Praise for Wicklow Gold:
"I loved this book...The author is to be congratulated. This is a thoroughly enjoyable novel."
Anna Cooke, BOOKS IRELAND
About the Author
Ray Cranley was born in 1944 at Windgates, between the two seaside towns of Bray and Greystones in County Wicklow, Ireland.
A few years later he moved with his parents to Ballywaltrim at the other side of Little Sugarloaf Mountain, where he spent most of his childhood.
In 1979 he returned to the old family home at Windgates where he continues to live with his wife, Jacinta, and their children.
He is a founder member of the Bray Cualann Historical Society and has contributed articles on local history to the society's journals. His novel, "Wicklow Gold", was published in 1999.

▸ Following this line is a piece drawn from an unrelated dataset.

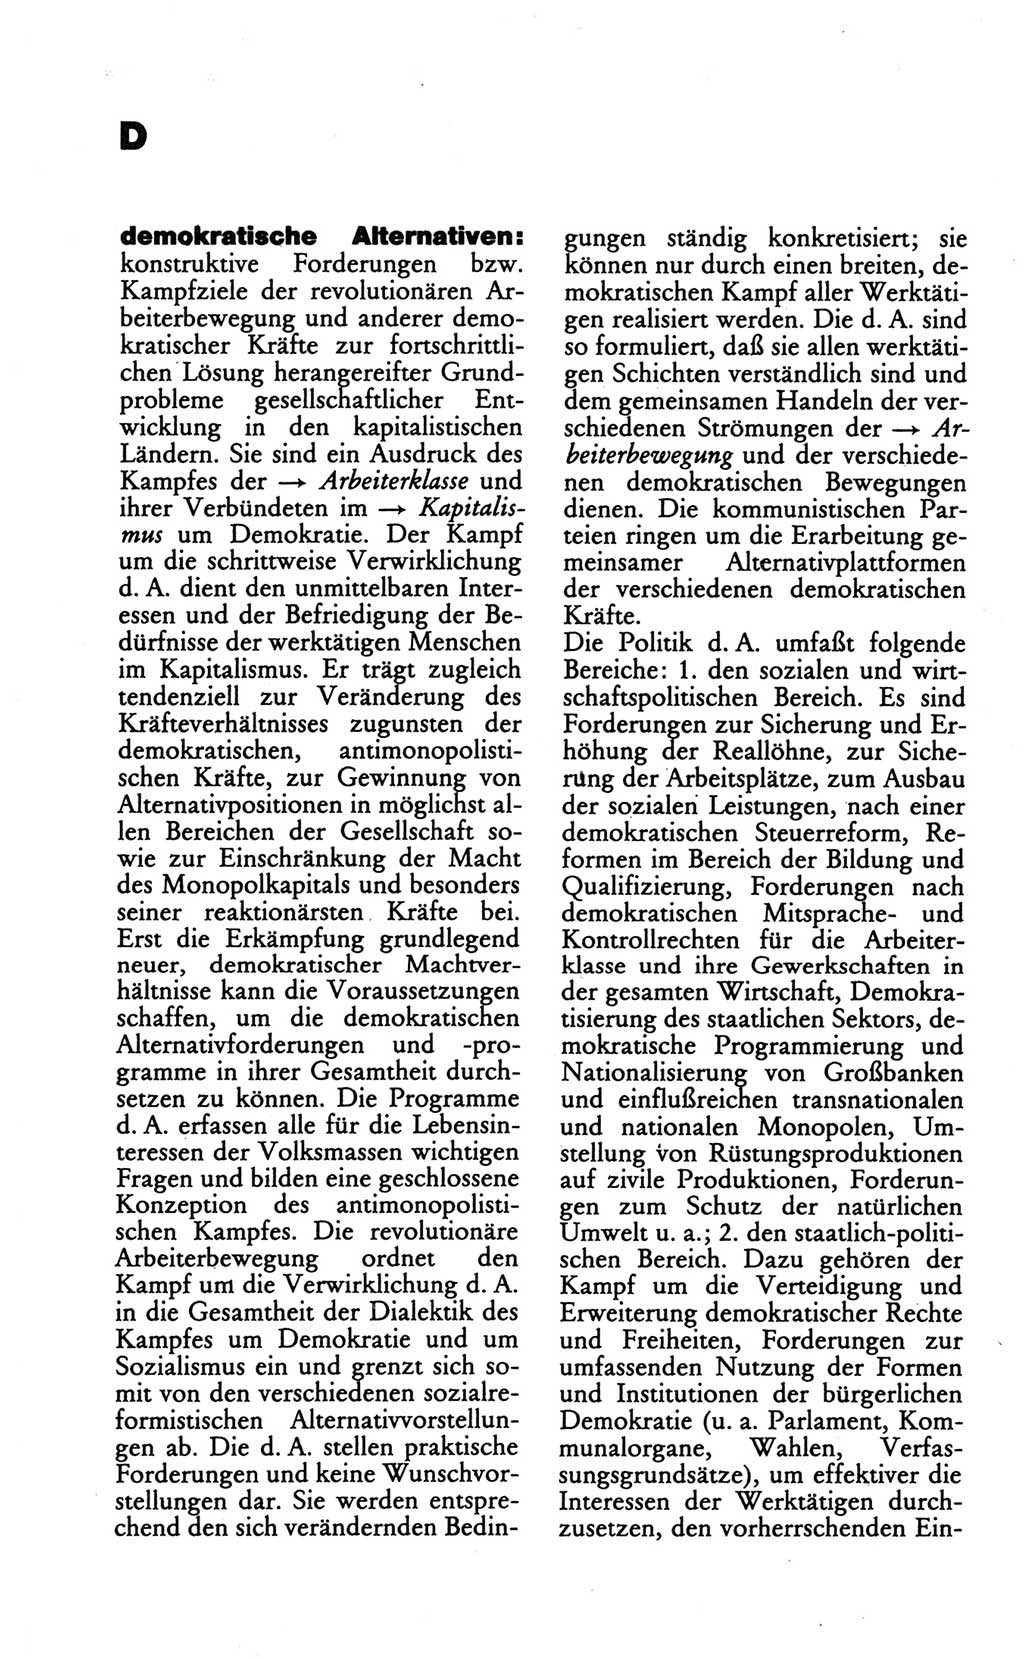 Wörterbuch des wissenschaftlichen Kommunismus [Deutsche Demokratische Republik (DDR)] 1986, Seite 70 (Wb. wiss. Komm. DDR 1986, S. 70)

Sample Excerpts or Table of Contents
from Chapter 3Kitty was never a fashion victim and she arrived one sweltering August day dressed in a big woolly overcoat tied at the waist with an old broken belt which had been put together again with the help of a couple of huge safety pins, while a third pin stood in for a buckle. Not to upset the balance of her outfit, her feet were ensconced in a pair of sturdy wellies, and the ensemble was topped off with a tightfitting blue beret pulled onto her head. She stood in the kitchen doorway.
'Heh-heh. Good afternoon all. I've arrived! How are yeh, Lulu. Wait'll I tell yeh how lucky I was,' and she proceeded to tell Ma about the nice man who had given her a lift, and how she had explained who she was and that the man said he knew Ma.
'Oh my God,' Ma said, horrified, 'Yeh don't mean to tell me yeh got into somebody's car in that state.'
'Sure didn't he stop for me!'
'Even if he did, yeh didn't have to go an' tell him who yeh were for Christ sake, makin' a bloody show of me.'
'Heh-heh, I'm your sister, aren't I?' Kitty's voice was low and hesitant.
'Sister me arse. You're mad, that's what you are, do yeh know that?'
'Ah now Lulu...'
'Mad!' Ma interrupted. 'Who else, I ask yeh, but a feckin' lunatic would go out in the middle of summer in a get-up like that? Yeh should be locked up in Grangefuckin'gorman.'
'Well, this is a nice welcome, I must say.' Kitty sounded hurt.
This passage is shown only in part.